Department of Justice prosecutors are also weighing in. Its criminal indictment, unsealed this week in the Southern District of New York, charged SBF with eight counts of wire fraud, violation of campaign finance laws, conspiracy to commit commodities fraud, and other misdeeds.
SBF's attorney, Mark Cohen, with the law firm Cohen & Gresser, did not respond to a request for comment.
On Tuesday, restructuring czar and new FTX CEO John J. Ray III testified before the House Committee on Financial Services. Mr. Ray, who has 40 years of experience overseeing bankruptcies including Enron, has made his disdain clear, declaring: “Never in my career have I seen such a complete failure of corporate controls and such a complete absence of trustworthy financial information as occurred here."
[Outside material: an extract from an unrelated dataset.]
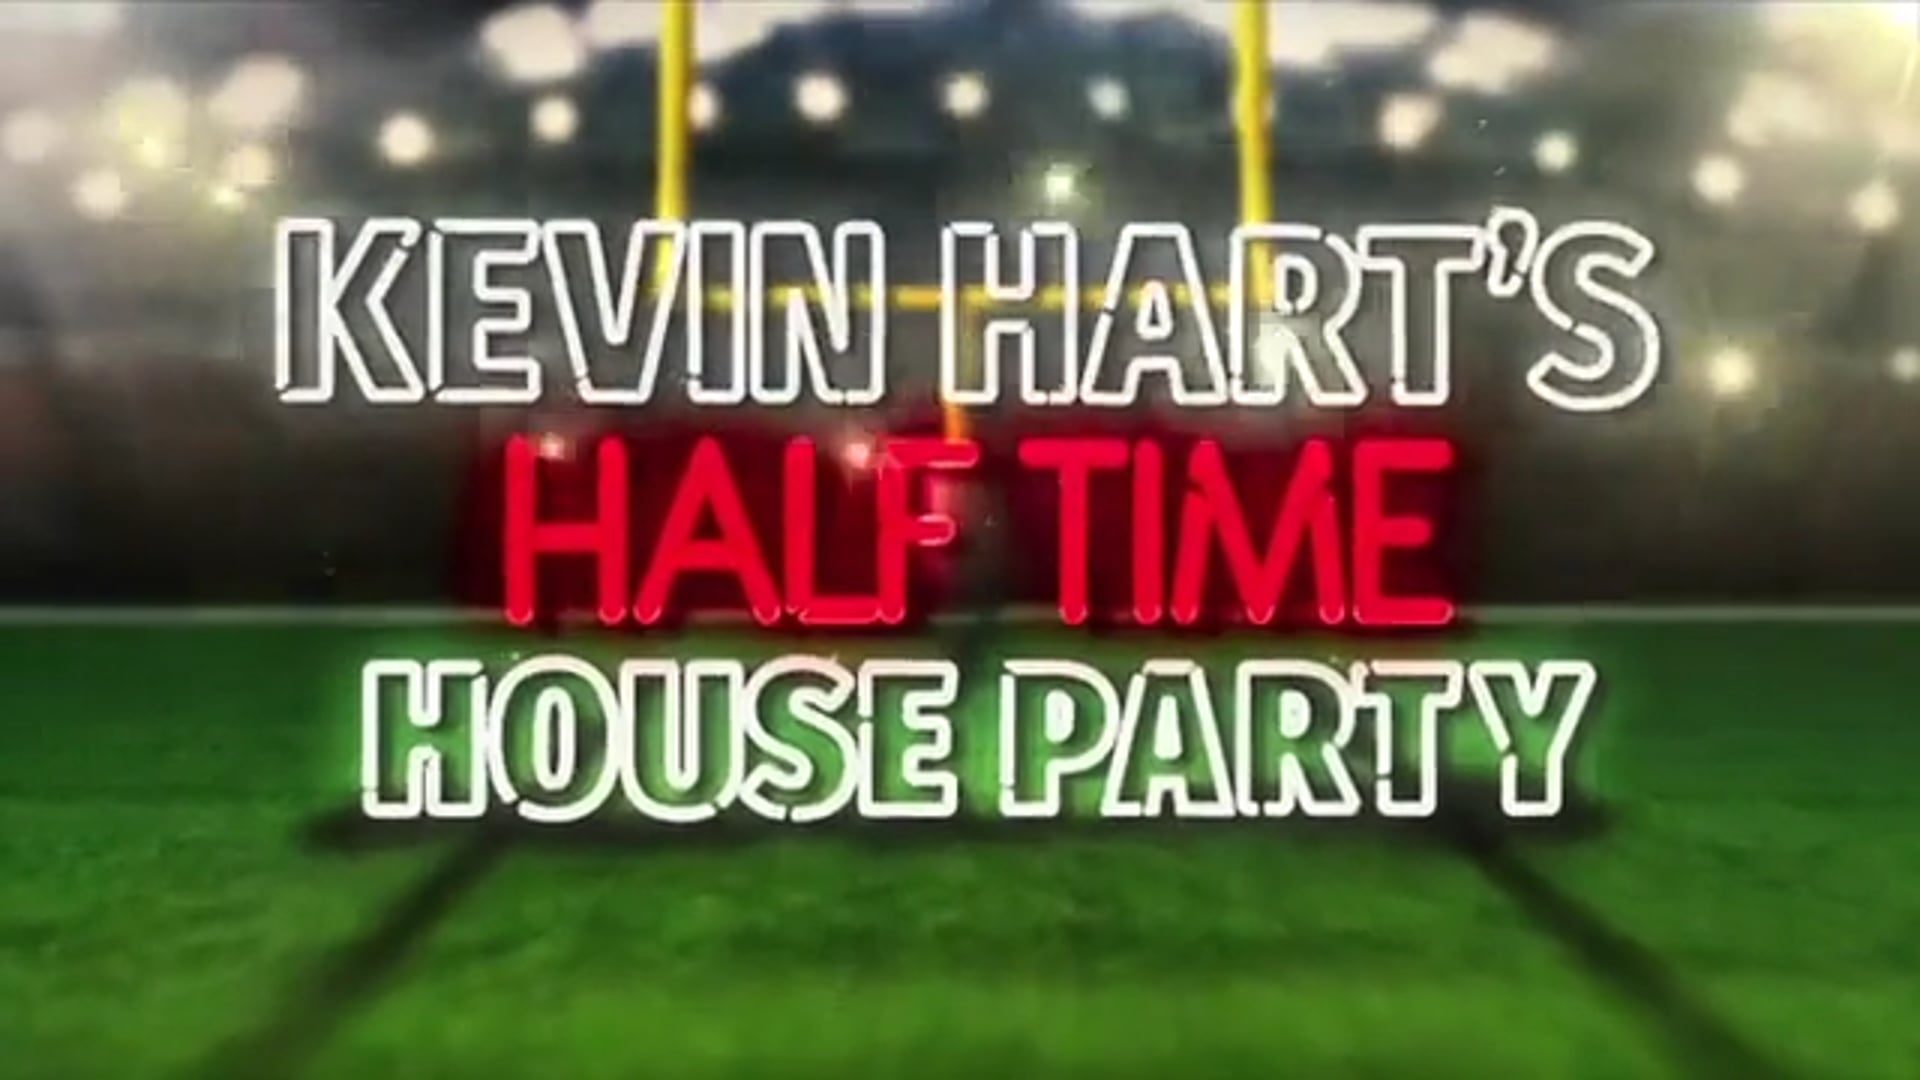 Kevin Hart's 'Halftime House Party'

Ray's testimony was full of larger observations and insights about what happened to FTX, and why. Here are 10 claims by Ray and government regulators to keep an eye on:
- Just another case of straight-up embezzlement: In his congressional testimony, Ray said the crypto part of the FTX's business is not the issue. "This is really just old fashioned embezzlement. This is just taking money from customers and using it for your own purpose. Not sophisticated at all.”
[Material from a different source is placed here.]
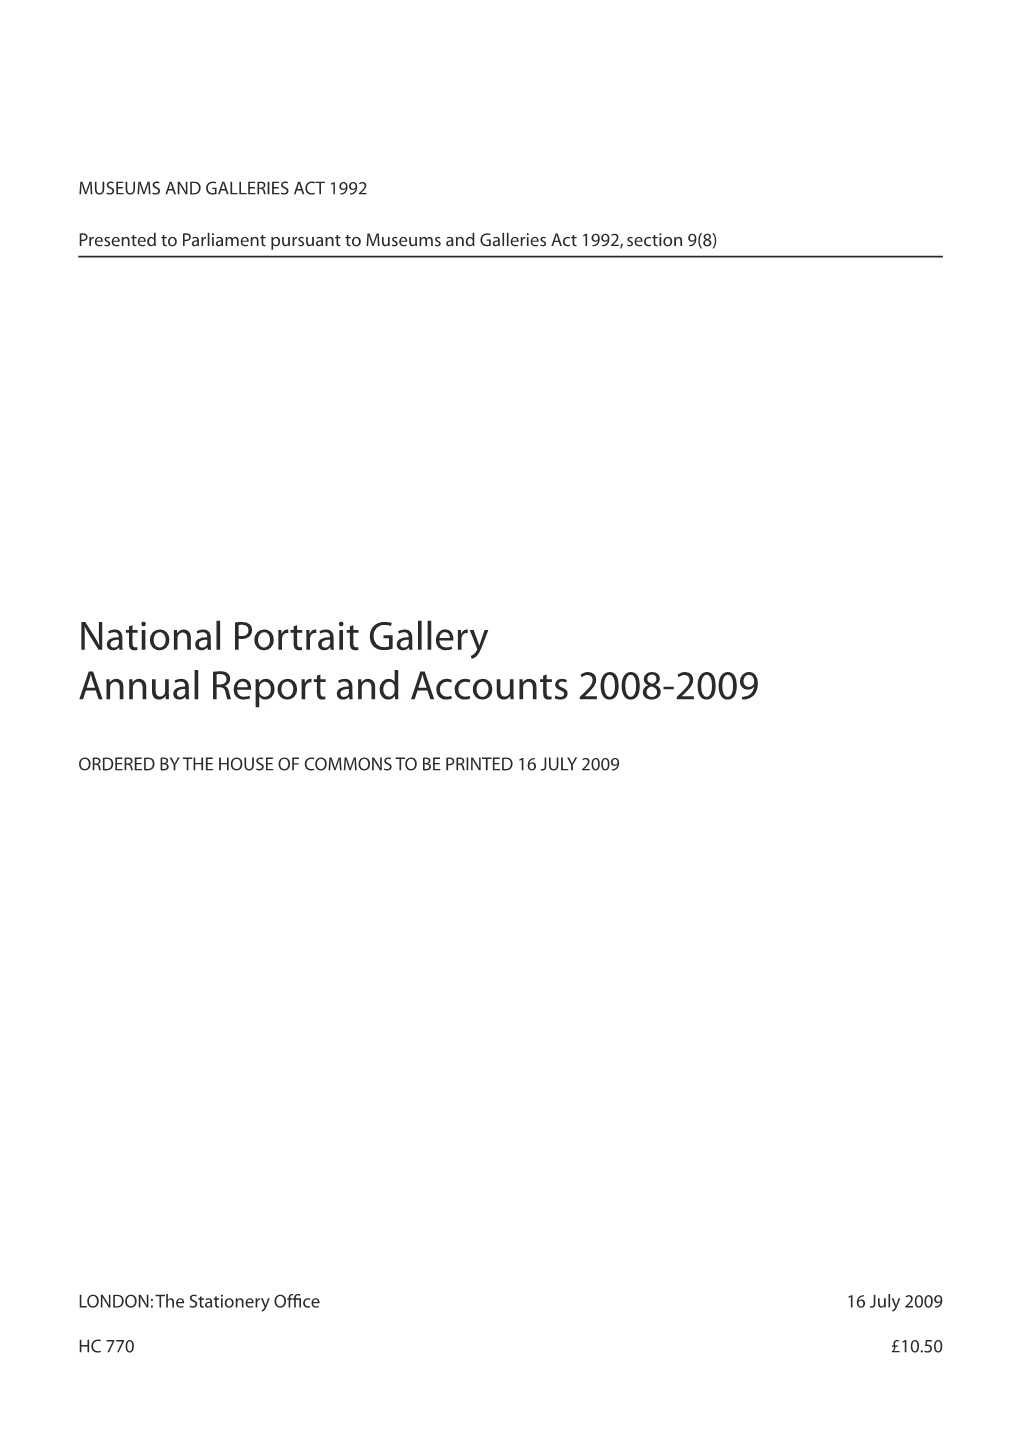 National Portrait Gallery Annual Report and Accounts 2008-2009 HC

- FTX fraud has been going on for a while. “This is not something that happened overnight," Ray testified, making the case that FTX’s financial troubles date back months, maybe even years.
- Concentrated control was a major factor in FTX's collapse. As Ray put it in his testimony: “The FTX Group’s collapse appears to stem from the absolute concentration of control in the hands of a very small group of grossly inexperienced and unsophisticated individuals who failed to implement virtually any of the systems or controls that are necessary for a company that is entrusted with other people’s money or assets.”
- FTX relied on Quickbooks, used mostly by small and medium sized businesses, for accounting. Nothing against Quickbooks, Ray noted in his testimony, it's "a very nice tool, just not for a multibillion dollar company."
- Alameda’s business model was inherently unsafe. As a market maker, Ray observed, it routinely deployed funds to various third party exchanges. This "inherently unsafe" practice was "further exacerbated by the limited protections offered in certain foreign jurisdictions."
- FTX's "independent" companies were not independent. “Questions have been raised as to why all of the FTX Group companies were included in the Chapter 11 filing, particularly FTX US," Ray noted in his congressional testimony. "The answer is because FTX US was not operated independently of FTX.com; Chapter 11 protection was necessary both to avoid a “run on the bank” at FTX US and to allow our team the time to identify and protect its assets.”
- SBF was instrumental in perpetuating "massive" fraud. According to the SEC, FTX's issues did not develop overnight, or even over the space of weeks or months. SBF "was orchestrating a massive, years-long fraud, diverting billions of dollars of the trading platform’s customer funds for his own personal benefit and to help grow his crypto empire,” the SEC alleged in its 28-page complaint, filed on Dec. 13 in U.S. District Court for the Southern District of New York.
- Thanks to SBF and FTX, Alameda had almost unlimited access to funds. SBF “told investors and prospective investors that FTX had top-notch, sophisticated automated risk measures in place to protect customer assets, that those assets were safe and secure, and that Alameda was just another platform customer with no special privileges," the SEC complaint says. "These statements were false and misleading. In truth, Bankman-Fried had exempted Alameda from the risk mitigation measures and had provided Alameda with significant special treatment on the FTX platform, including a virtually unlimited 'line of credit' funded by the platform’s customers.”
- SBF used FTX funds to personally enrich himself. “From the start," the SEC complaint says, SBF "improperly diverted customer assets to his privately-held crypto hedge fund, Alameda Research LLC... and then used those customer funds to make undisclosed venture investments, lavish real estate purchases, and large political donations.”
- SBF continued to enrich himself until the final moments. "Even as it was increasingly clear that Alameda and FTX could not make customers whole, (SBF) continued to misappropriate FTX customer funds," the SEC complaint states. "Through the summer of 2022, he directed hundreds of millions more in FTX customer funds to Alameda, which he then used for additional venture investments and for 'loans' to himself and other FTX executives."